Vor dem Hintergrund, dass am Ende des Sommersemesters besonders die großen Prüfungsformate anstehen und es offensichtlich keine Lösung wie in den USA gibt, diese Prüfungen digital durchzuführen - das ist sowohl juristisch als auch datenschutzrechtlich nicht zulässig -, frage ich die Landesregierung, welche Unterstützung die Hochschulen z. B. bei der zusätzlichen Anmietung von großen Räumen erhalten.

Danke.

(Beifall bei der FDP)

Danke schön. - Herr Minister.

Liebe Frau Schütz, die Hochschulen werden im Rahmen der Möglichkeiten so weit unterstützt, dass die Landesregierung da, wo Engpässe auftauchen, gerne hilft, entsprechende Räumlichkeiten zu finden. Im Übrigen sind die Hochschulen selbst zuständig und sehr erfinderisch darin, wie sie mit diesen Herausforderungen fertig werden. Beispielsweise hat die Leibniz Universität Hannover versucht, auf der Messe etwas zu machen und hat andere Räumlichkeiten in Anspruch genommen.

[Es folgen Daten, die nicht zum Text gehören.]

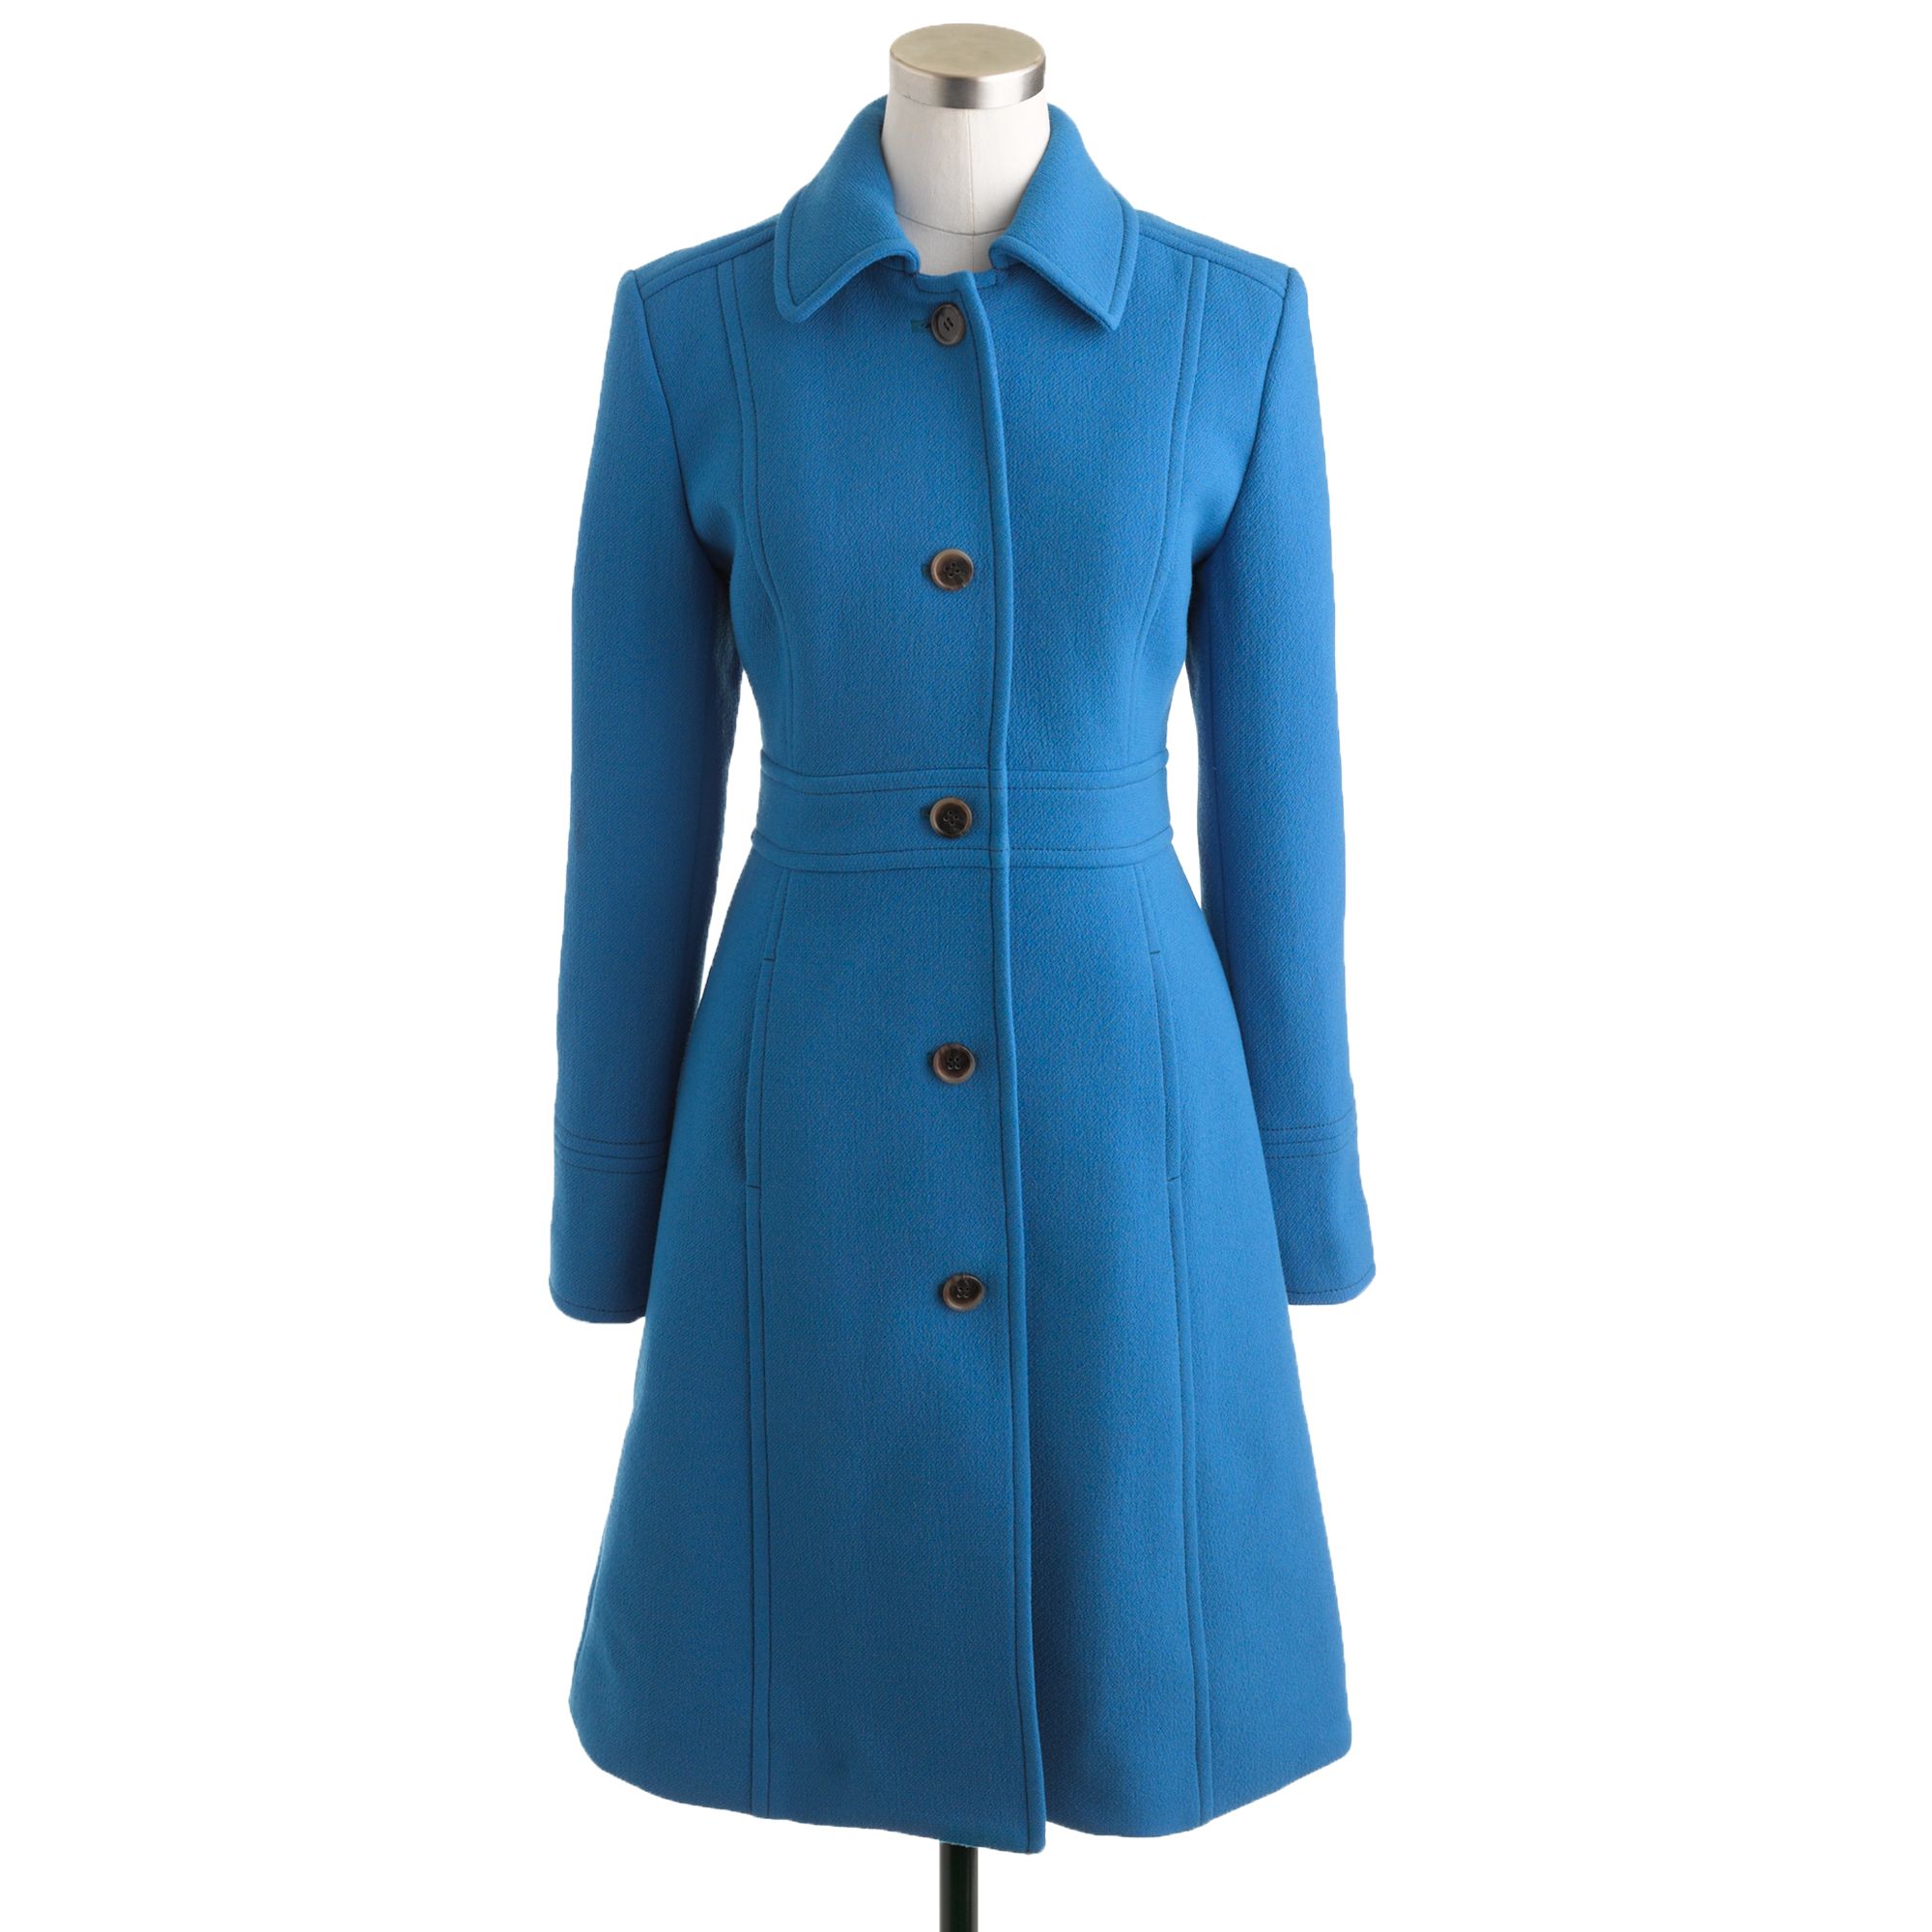 J.crew Doublecloth Lady Day Coat with Thinsulate in Blue (bright azure

Ich weiß, dass die Hochschule Hannover ein komplettes Zelt aufgebaut hat, um Prüfungen durchzuführen. Das wird in unterschiedlichen Farben und Formen gemacht. Da, wo Hilfe nötig ist, melden sich die Hochschulen und erhalten individuell eine Hilfe.

Danke schön. - Die nächste Zusatzfrage stellt Frau Kollegin Viehoff von Bündnis 90/Die Grünen.

Die Einhaltung der Hygienevorschriften bedingt auch für das Wintersemester für Präsenzveranstaltungen einen erhöhten Personal- und Raumbedarf und damit einen erhöhten Finanzbedarf an den Universitäten und Hochschulen. Wird die Landesregierung die Hochschulen hierbei finanziell unterstützen?

(Beifall bei den GRÜNEN)

Danke schön.

Liebe Frau Viehoff, ein erhöhter Finanzbedarf wird nicht erkannt. Die Hochschulen haben auch keinen erhöhten Finanzbedarf gemeldet, der sich in Personal niederschlagen könnte, sondern möglicherweise im Verbrauch von Hygienemitteln. Diese sind jedoch im normalen Geschäftsbetrieb der Hochschulen untergebracht. Daher gibt es keine Nachforderungen; es gibt aber auch keine Kürzungen.